I hope the mainstream national news networks latch on to this ruling and put enough pressure on this crooked greedy company and those who passed this insanity and get this garbage ruling rescinded. Contact the press folks
this is insanity at it’s worst. We have enough poorly trained or equipped drivers on the road already, less training in not the answer, just because you want to save a dollar from training drivers and keeping the roads safe for all motorists.
This goes both ways. Does the trainer feel like putting his or her life on the line by being in the sleeper as the inexperienced driver is learning.
They usually wait to see if you can handle the truck before the risk, but yes, too many of the lazy phucks do it… and if you knew how much they get paid running as a team driver AND a Trainer you would; a) be pissed if you are or have been one of those Trainees and, b) understand why they do it!
I had an old fart at Covenant 10+ years ago fess up to me that he was getting nearly $2,000 per week.
You always wonder what makes some trucking companies worst than others, for example how did CR England get such a bad reputation as a starter company. Well we see first hand in this story…..bad decision followed by bad decision in the name of revenue.
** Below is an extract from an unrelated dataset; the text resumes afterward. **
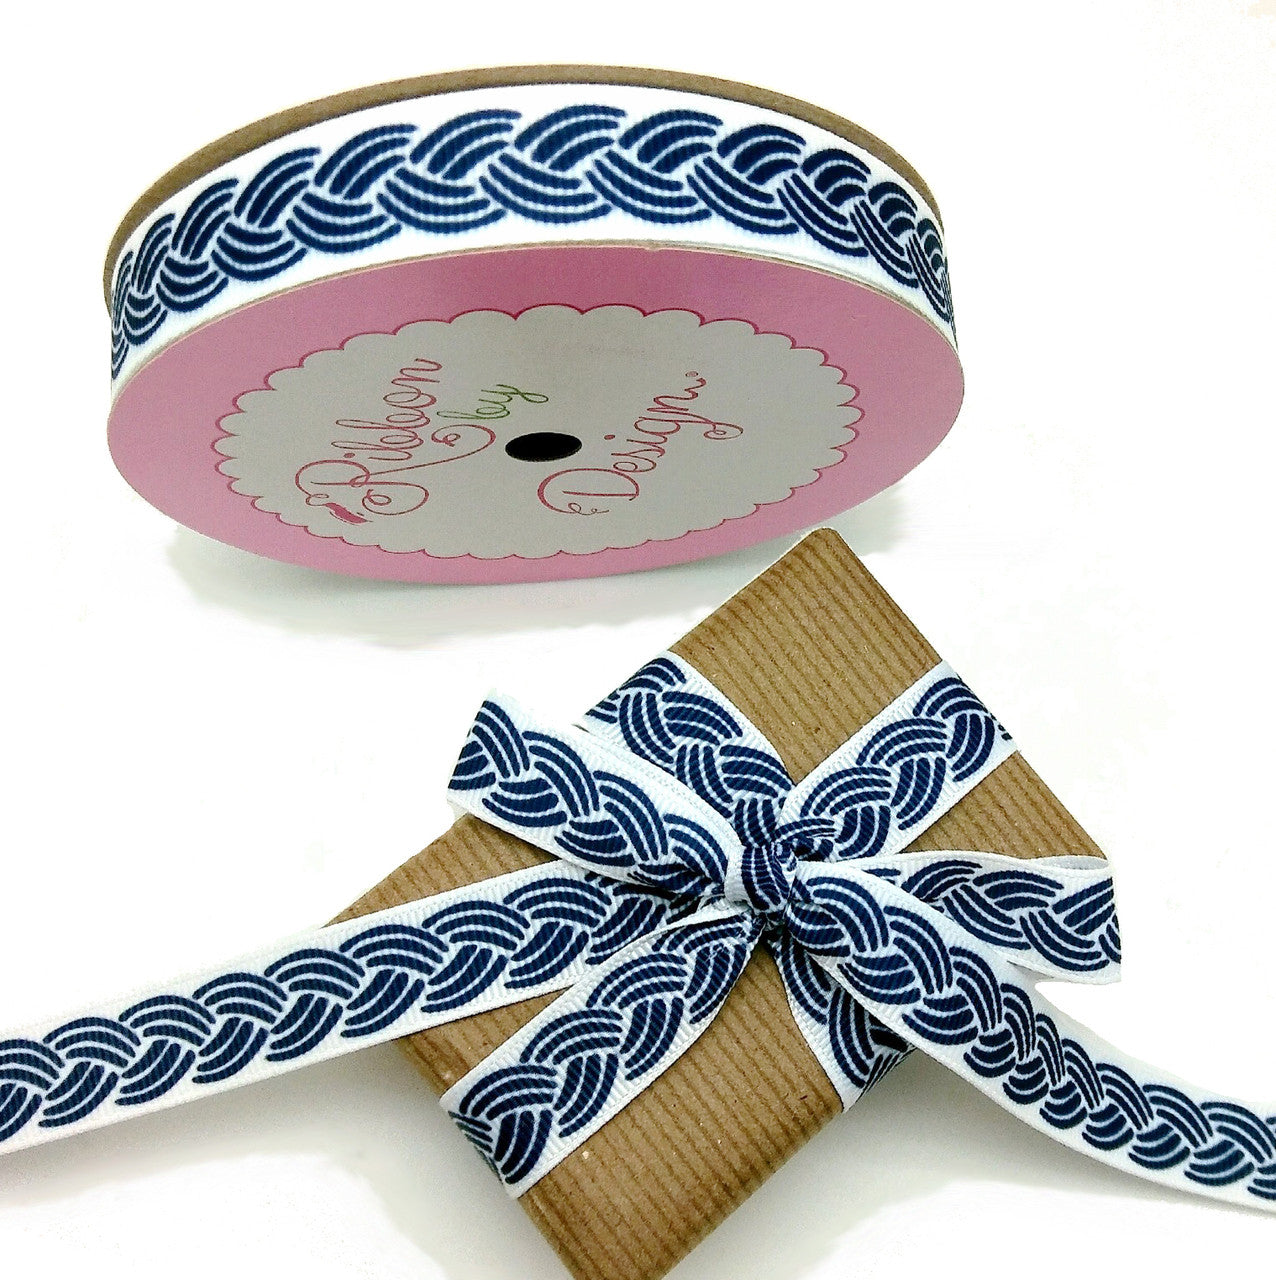 Tied on a plain brown wrapping, this bold ribbon makes a handsome presentation for a groomsman or Father's Day gift!

I was sent home to get my hard copy after accumulating about 1000 miles. It’s been two weeks now waiting on another trainer. Time to find another company.
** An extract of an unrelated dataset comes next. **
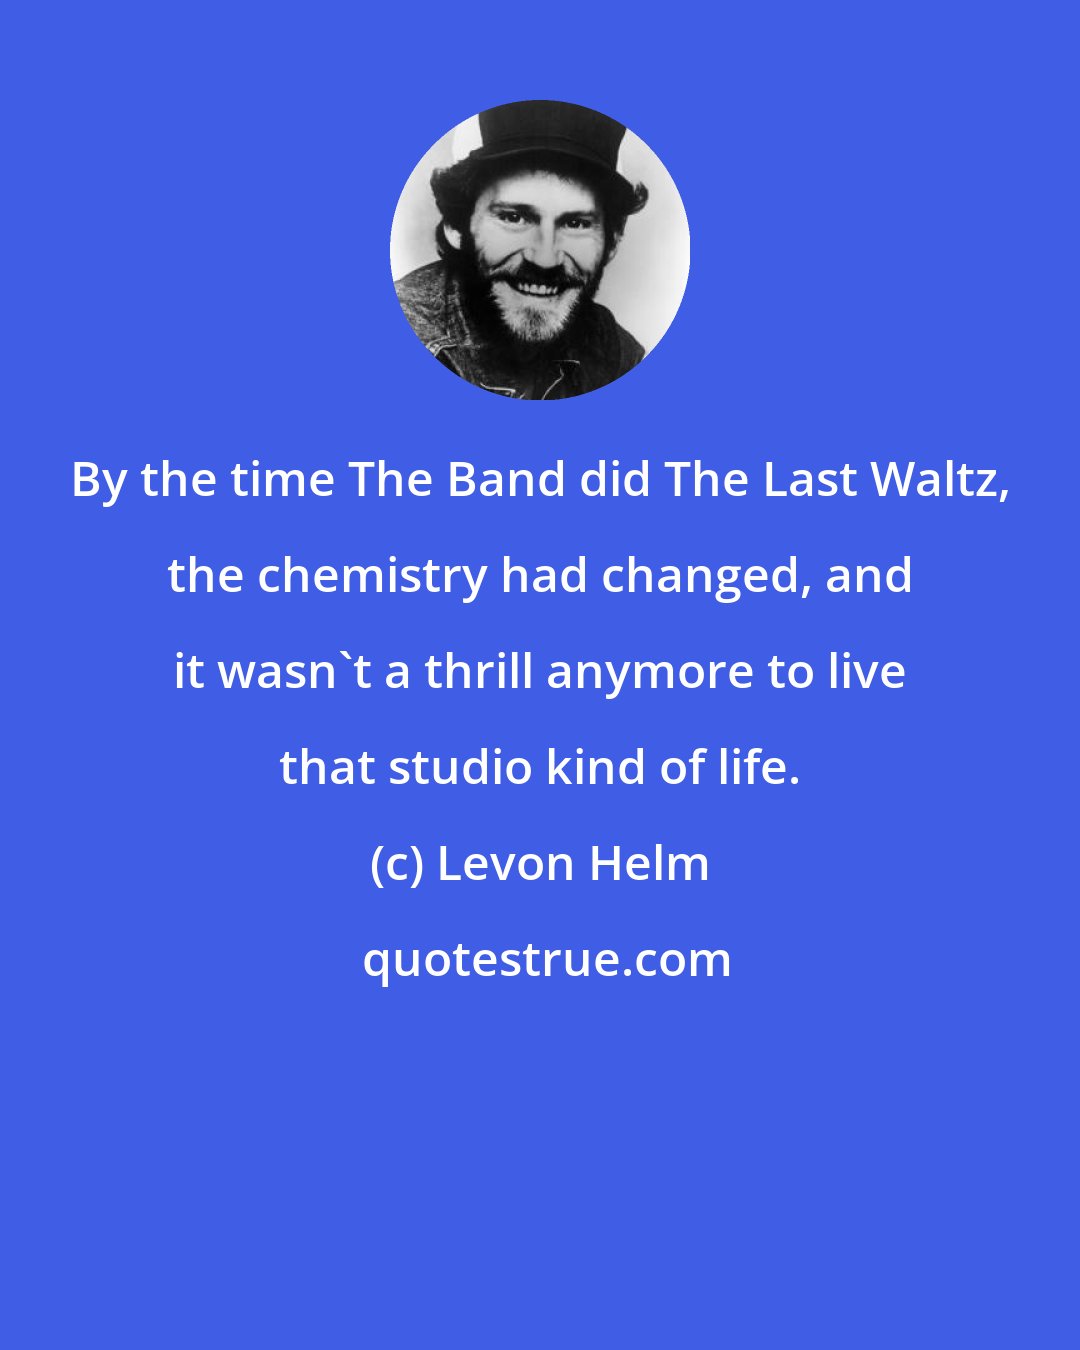 Levon Helm: By the time The Band did The Last Waltz, the chemistry had changed, and it wasn't a thrill anymore to live that studio kind of life.

Your reaction time on a sudden situation happens, your experience is the final out come. Think about it. When behind the wheel .
Clearly, FMCSA has totally lost their mind. I have been a CDL A driver for the last 30 years and I can say without any doubt that the, ahem “training” program’s at these mega carriers are a joke. With this decision and other brainless decisions made recently by FMCSA, they have lost all credibility. It is quite clear that they need to change their name from FMCSA to FMCAKA – Federal Motor Carrier ASS Kissing Administration. Obviously, safety is not part of nor any concern to, this organization.
How many driver trainers can you name have been killed by the inexperienced trainee.
Back when Idrove for M.S. Carriers in 2000, one of tbeir trainers and his trainee were crushed and burned in a wreck. From what I was told, trainer was sleep, or at least not in passenger seat, trainee behind the wheel, drifting across the road, then right into a tree. The load came through the nose of the trailer, on top of the cab, and flattened it. Then it caught on fire. No trainer should be sleep while the trainee is behind the wheel.
I knew one. Is that enough for you?
Af you have had a cdl for 30 years then you never saw any training. And for that matter someone just threw you the keys to a truck and said go get’em son so don’t bs people some of us know how you got your cdl! You have no room to speak!!!
I wonder who got paid a bribe to allow this crap to get passed
Funny..I never had a trainer in the next seat….After I got hired…and I had never driven a big bore than about 10-20 miles…I met my trainer in the terminal in Largo…He drove over the bridge to tamps and loaded then he drove to the rest area just outside Tampa and told me…wake my up when we get to Atlanta stop at the truck stop there…and he crawled into the sleeper and went to sleep…
He had never even seen me drive any truck at all….much less down down the interstate and through a city…He must have been very brave or stupid…
How many driver trainers can you name have been killed by the inexperienced trainee.
279 comments, 257 recommended against. Wonder who C.R. paid off???
The guy with the new yacht at Annapolis.
Are they serious? That is just mental and dangerous!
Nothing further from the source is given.